Tangier, Morocco─The 13th Tangier Film Festival, which kicked off on 12 January, showcased the latest short and feature-length productions in Moroccan cinema. Held in the seaside city until 21 January, this year’s festival is showing a selection of 44 films.
Among the feature-length films that stood out is the French-Moroccan production, “Omar Killed Me,” directed by Moroccan filmmaker and actor Roschdy Zem.
The film is based on the true story of Omar Raddad, the Moroccan gardener, who was accused in 1991 of killing his French employer, Ghislaine Marchal, in Mougins in southern France. Raddad was arrested based on a message found in the bathroom where Marchal was killed. The message, “Omar Killed Me,” was written in blood.
Raddad stays in prison for seven years, despite a lack of concrete evidence against him.
Unconvinced by the court ruling against Raddad, French journalist Pierre-Emmanuel Vaugrenard decides to carry out his own investigations. He later published his findings in a book that became the main reference for the four screenwriters of “Omar Killed Me:” Zem, French screenwriters Olivier Lorelle and Olivier Gorce, and Algerian filmmaker Rachid Bouchareb.
Due to the nature of the story, the filmmakers used a non-traditional documentary style, specifying the time and names of the places where the events took place and presenting the narrative in a nonlinear way, moving back and forth through time.
From the first scene, we realize that the filmmakers want viewers to believe in Raddad’s innocence. The film opens with Raddad standing with his little son in the balcony and watching police cars racing through the street toward his building. Raddad does not try to escape. In fact, the viewers don’t realize that the police are coming for Raddad until they storm his flat and violently arrest him in front of his family.
With these two scenes, the film sheds doubt on the case against Raddad and creates sympathy with him, a tone that continues throughout the film.
Vaugrenard’s investigations are contrasted with scenes from the trial, headed by a judge who appears biased against Raddad and seeks to condemn him just because he is Arab.
By following Vaugrenard, the film seeks to expose racial discrimination in France. Vaugrenard has strong reasons to believe that the case was fabricated. Marchal supposedly used her blood to write the message on the wall, while the crime scene was dark when the crime was committed. So, how could she have written such a clear message while taking her last breath in the dark?
“Omar Killed Me” also deals with Raddad’s prison experience in an unconventional way. Western films usually highlight clashes and conflicts between Arab and Western prisoners and guards. But it is clear here that most of the characters, whether Arab or French, sympathize with Raddad.
Still, some scenes in the film could be counter-intuitive, like the ones showing Raddad hospitalized after falling ill. We see him imagining himself walking astray in the desert. This scene is strange when compared to the documentary style the filmmakers adopted, recounting the story from a witness’s perspective rather than the psyche of the protagonist. Here, it seems that the filmmakers wanted to elicit sympathy for Raddad by highlighting his psychological distress, and of course they chose the desert as a setting because Raddad is Arab. But the scene comes off as exaggerated, and harms the relationship the filmmakers try to develop between Raddad and the viewers.
Also, a number of scenes in the film seem copied from “The Messenger,” a French film screened at the Cannes Film Festival two years ago. We see Raddad attempting suicide by swallowing a razor blade while in prison, and later we see him kept naked in solitary confinement so as to prevent him from attempting suicide again. While reflecting his psychological distress, Raddad is shown sitting on the ground, shivering and watching a cockroach climbing the wall of the prison cell. These scenes distract the viewers, pressing the film into unnecessary comparisons with other films with different contexts and ideas.
It’s true that the film didn’t break new ground in the case, but its focus on the tragic side of Raddad’s story is a clear attempt to shed light on what European racism toward Arabs can lead to.
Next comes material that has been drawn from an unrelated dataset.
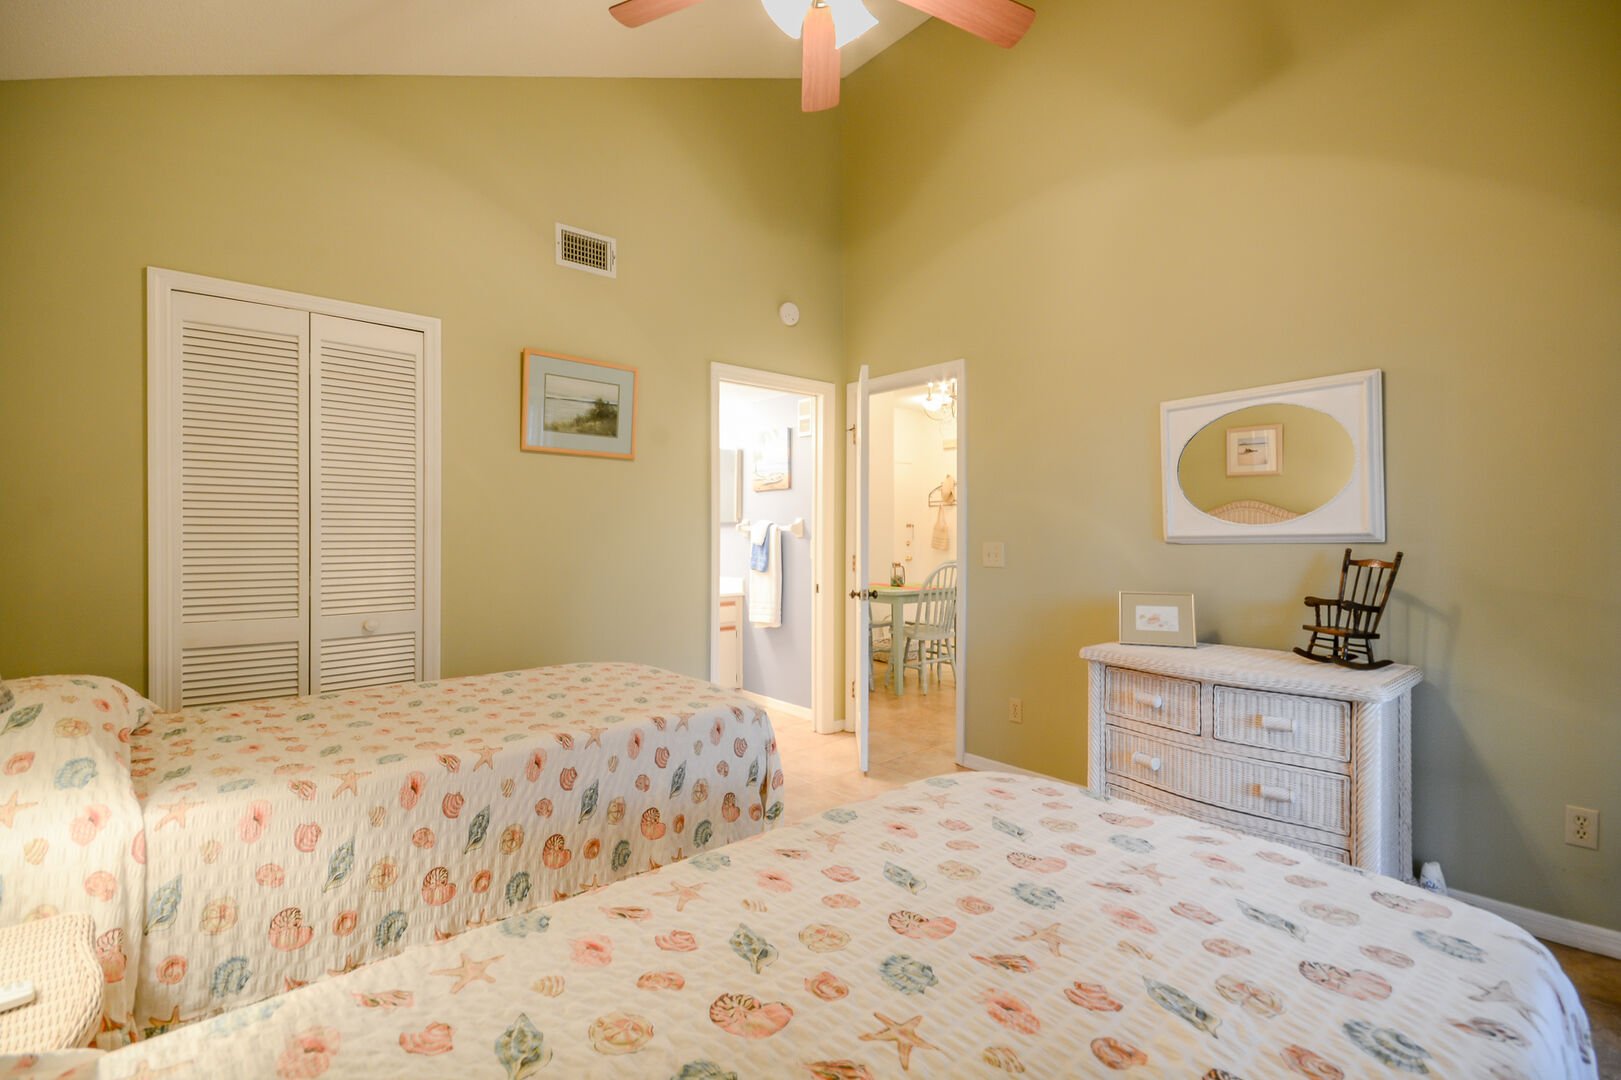 The guest bedroom of this vacation rental in New Smyrna Beach FL, with two beds.

The life of Raddad was completely shattered, and all his energy was consumed in trying to defend himself against a crime he did not commit. In the last scene, a girl sitting next to Raddad on the bus asks him, “Are you Omar Raddad?” He responds, “No, I am not.” He lays his head on the window, and the viewer feels he has lost himself. He is no longer the same person. So who is it that’s been murdered?
Ramy Abdel Razik is a jury member of the short film competition at the Tangier Film Festival.